他心头一软,那点想笑的心思也淡了下去,只剩下满满的无奈和宠溺。
他重新坐稳,反手握住她抓着自己袖子的小手,用自己的大掌将她包裹起来。
“行,行,我不走。”
他的声音温和下来,带着安抚人心的力量:“我就在这儿陪着你,哪儿也不去。”
龙沛野这才后知后觉地发现。
原来自己这个看起来天不怕地不怕,敢跟人贩子搏斗,敢下海救人的小妻子,居然……怕打针。
他看着她紧紧依赖着自己的模样,只觉得心口某个地方又软又烫。
真是……
可爱得要命。
听到这话,连一旁准备药水的医生都忍不住笑了。
“许同、志,你这怕打针也正常嘛。”
他一边熟练地抽着药水,一边用过来人的语气开解道:“别说你了,好多小孩子都怕这个,其实不怎么疼,就是那个感觉,让人心里发毛。”
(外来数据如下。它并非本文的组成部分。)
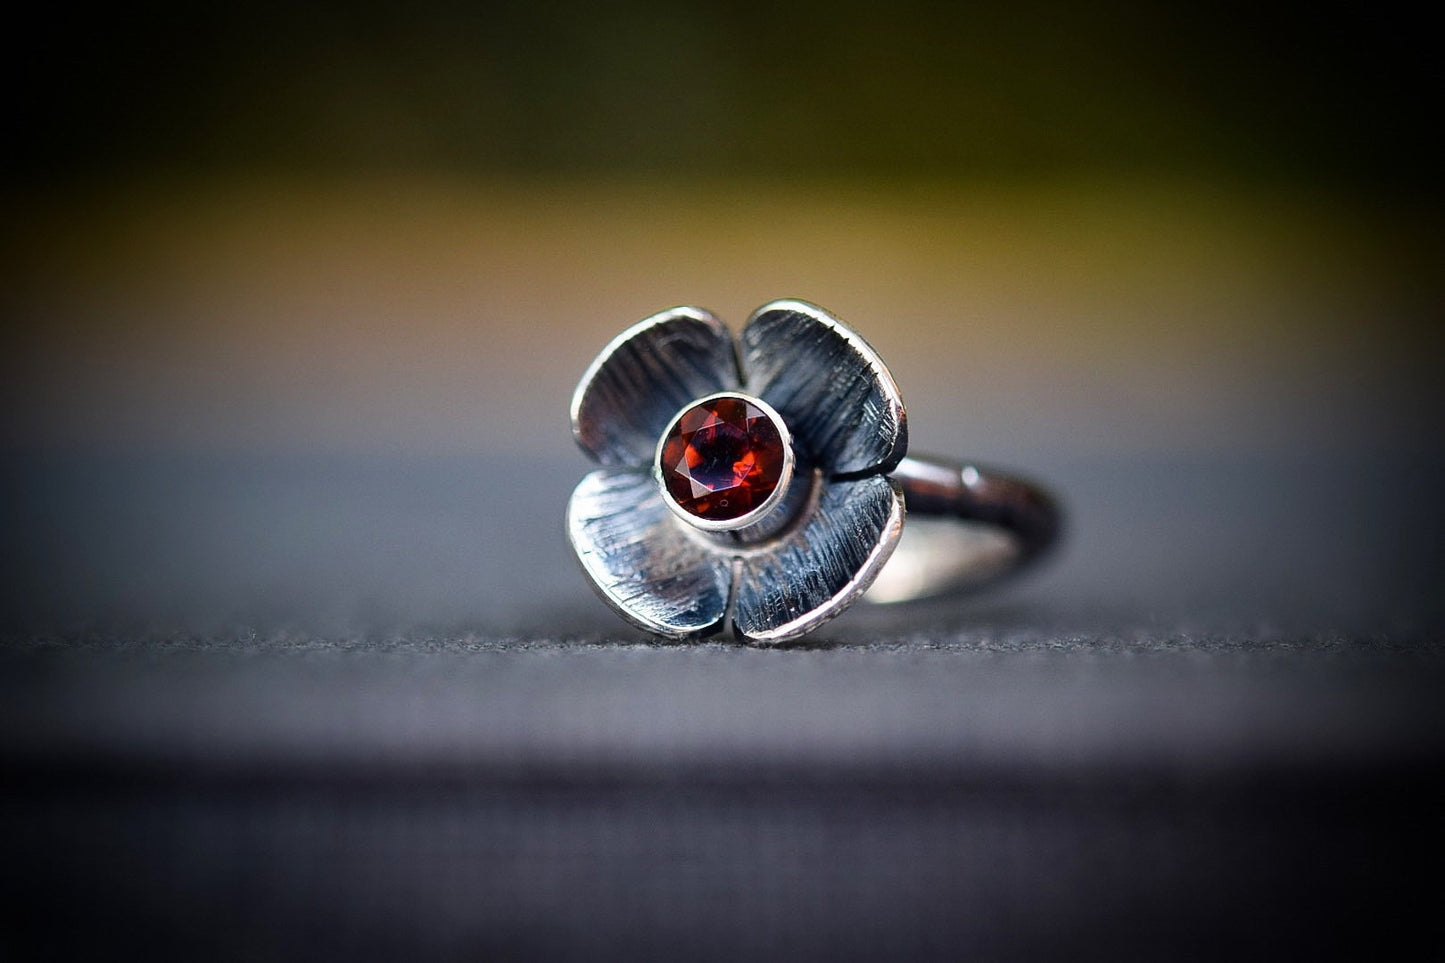 Oxidized sterling silver flower ring with red/ orange fire citrine in center of 4 petal textured flower.

许相思一听,瞬间找到了组织,仿佛抓住了救命稻草,头点得跟捣蒜似的。
“没错没错!王医生你可太懂了!就是这个理儿!”
可道理是这个道理,眼瞧着医生已经掰开了药瓶,开始把那透明的药水一滴不剩地吸进针管里。
那根细长冰冷的针头,在诊室的灯光下,正闪烁着令人心悸的寒光。
许相思刚刚才鼓起来的一点点勇气,瞬间就跟戳破了的气球一样,“咻”地一下全泄光了。
她“嗷”一嗓子,想也不想,一头就扎进了龙沛野结实温暖的怀里,双手死死地抱着他的腰,整张脸都埋了进去,紧紧闭上眼,打死也不敢再多看一眼。
医生拿着蘸了酒精的棉球走过来,隔着薄薄的裤子,都能清晰地感觉到她身体的肌肉绷得像块铁板。